= Tony Allan =

British broadcaster (1949-2004)

Tony Allan (22 September 1949 – 9 July 2004) was a British broadcaster and voice over artist. He broadcast almost exclusively on pirate radio stations and was highly regarded for his professionalism, his distinctive voice and clear diction, and for his ability to produce highly professional commercials and promotions.

==Career==
Allan was 17 years old when he first worked for the pirate radio station Radio Scotland between 1966 and 1967. He had originally intended to work on another pirate station, Radio Caroline, but was rejected due to his age. When the Marine Broadcasting Offences Act 1967 was passed, he was the last DJ to broadcast live from the ship before managing director Tommy Shields's pre-recorded closedown programme.

He subsequently worked for Granada Television as a voice-over artist, and in Europe.

In the 1970s Allan worked first on RNI Radio Northsea International and did go later to the revived Radio Caroline, finally fulfilling his original ambition. When the Dutch Marine Offences Act came into force on 1 September 1974 it was Allan who announced that Caroline would continue broadcasting (following in the footsteps of Johnnie Walker who had done the same when the British law was passed in 1967). When Caroline's owner Ronan O'Rahilly announced that the station was to begin promoting his philosophy of "Loving Awareness", Allan became one of its most enthusiastic advocates, producing some of the most professional and memorable promotional ads for it.

Discussing Loving Awareness with fellow DJ Stuart Russell in 1977, Allan said:

The whole point about Loving Awareness, surely, is that if you have a love for somebody, it can be sexual, but then again at the same time it doesn't necessarily have to be sexual. It can be a loving thing which goes on and on and on; it can be a truthful thing; and those things work both ways.
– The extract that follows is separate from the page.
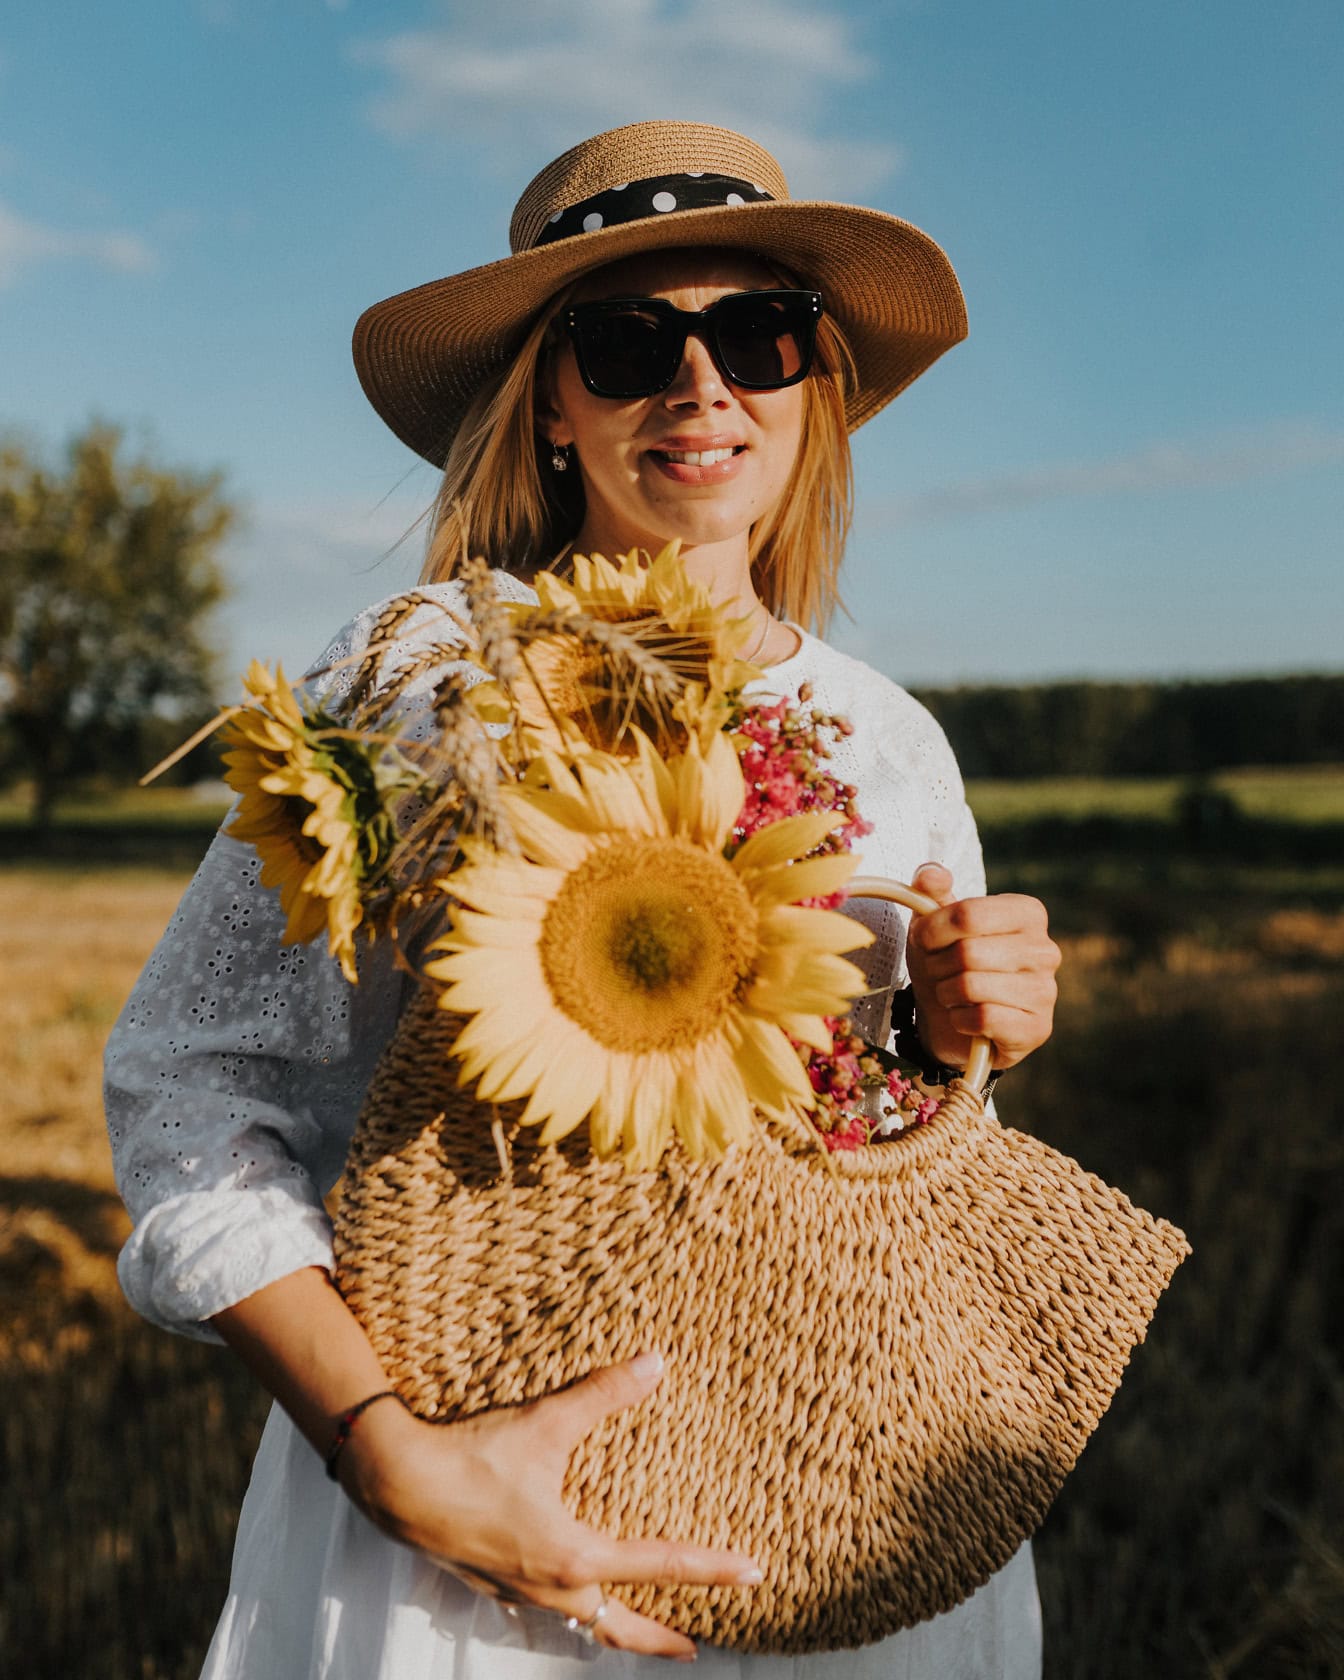 Beautiful young blonde wears a straw hat and sunglasses while holding a knitted sunflower bag in the field

Does that make sense?

Allan worked on Caroline on and off between 1973 and 1979. During this time he also worked on the Mediterranean Sea-based, offshore radio station The Voice of Peace which broadcast to the Middle East.

In the late 1970s he went to Ireland and worked for Big D and ARD, two of the first 24-hour land-based pirate stations in Dublin. He later also worked for Sunshine Radio, Chris Cary's Radio Nova and South Coast Radio in Cork, among others.

He was also for a number of years the voice of the Guinness commercials Worldwide.

He returned to Britain in 1990 to work for the now re-launched satellite Radio Caroline but was already ill from cancer. Despite this, he kept working as long as he could attending pirate radio conventions and fundraising events for Caroline until he became too ill to do so.